The man pointed the gun at Cohen and fired. The bullet went by his right ear, no more than by a few inches, impacted into a wall behind, and Cohen felt his legs go on him, felt himself, as if in a dream, pitch toward the floor, hit it face-first, collapse, and run into the floor like water, his body breaking, spreading out. The man was crouched over him, his hand enormous, grasping him by the collar. “You son-of-a-bitch,” the man said, “did you think I was playing games?”

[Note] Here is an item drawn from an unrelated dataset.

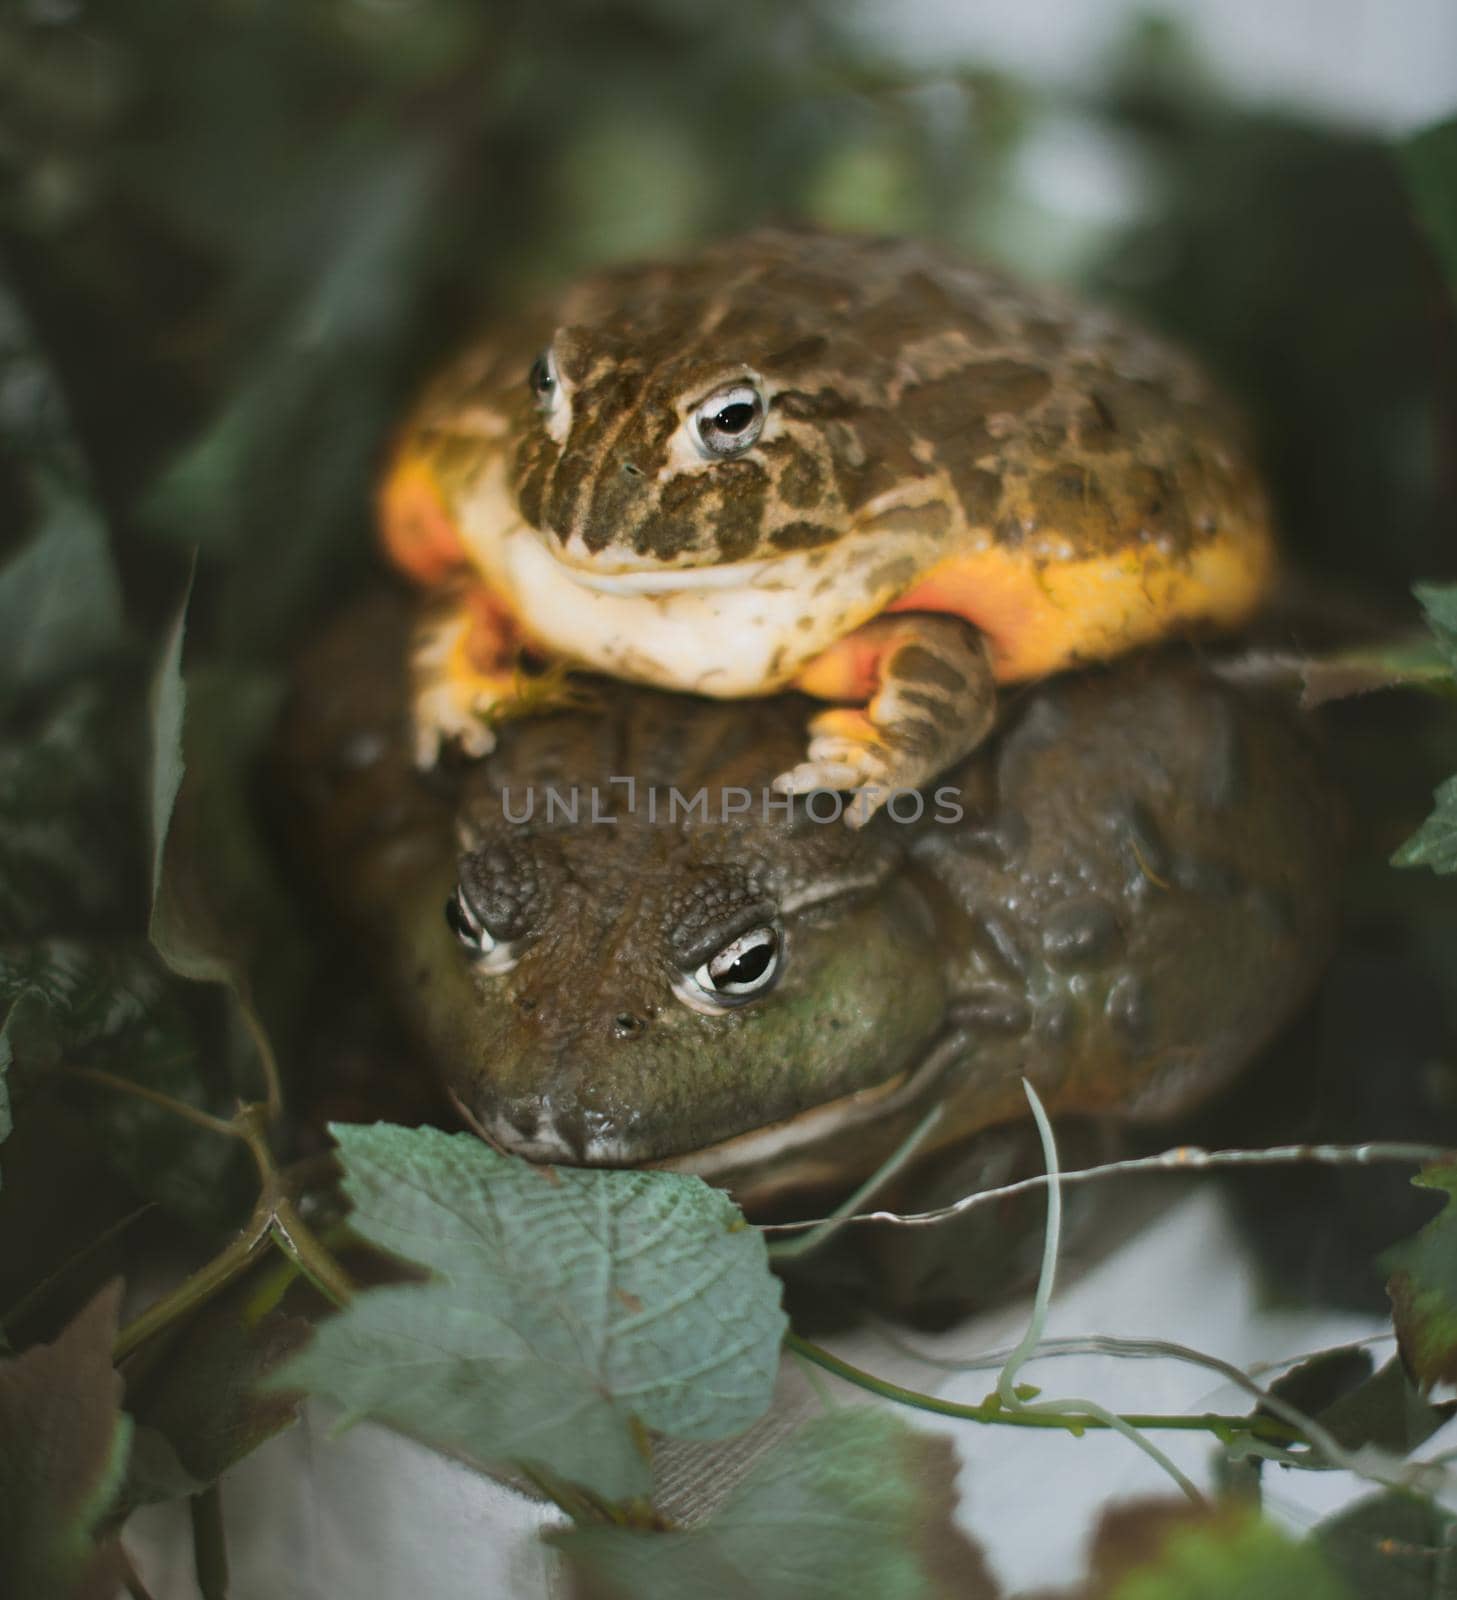 Couple African bullfrogs, male and female, Pyxicephalus adspersus, sitting on green leaves

Cohen, looking up into the face, tried to say something, but could not. His throat gathered on him. He hawked, choked deep back in his throat, and began to gag. The man twisted his collar more tightly. “You’re on shit,” the man said with disgust. “You son-of-a-bitch, you’ve just taken a dose.” Cohen felt the man’s hand move across his face; there was a clatter deep in the back of his skull. He fell into the floor, gasping. I’m going to die, he thought, I’m going to die, and I’m not even fifty years old. It had never occurred to him that he could lose his life. He had avoided a violent existence for precisely that reason; other men might get killed messing on the fringes of the drug trade, but not him.
Not him
. It was just not that important to him. He felt the hand around his collar again, and the man had yanked him upright. “You stupid son-of-a-bitch,” the man said, “you’re going to talk whether you like it or not. You’re not going to get out of this so cheaply. You’re going to
talk
.“ And he hit him again. Cohen felt channels open and then close in his mind, and he pitched forward against the enormous bulk of the intruder, moving through a long, dark passage, a clinging, wet cunt of oblivion.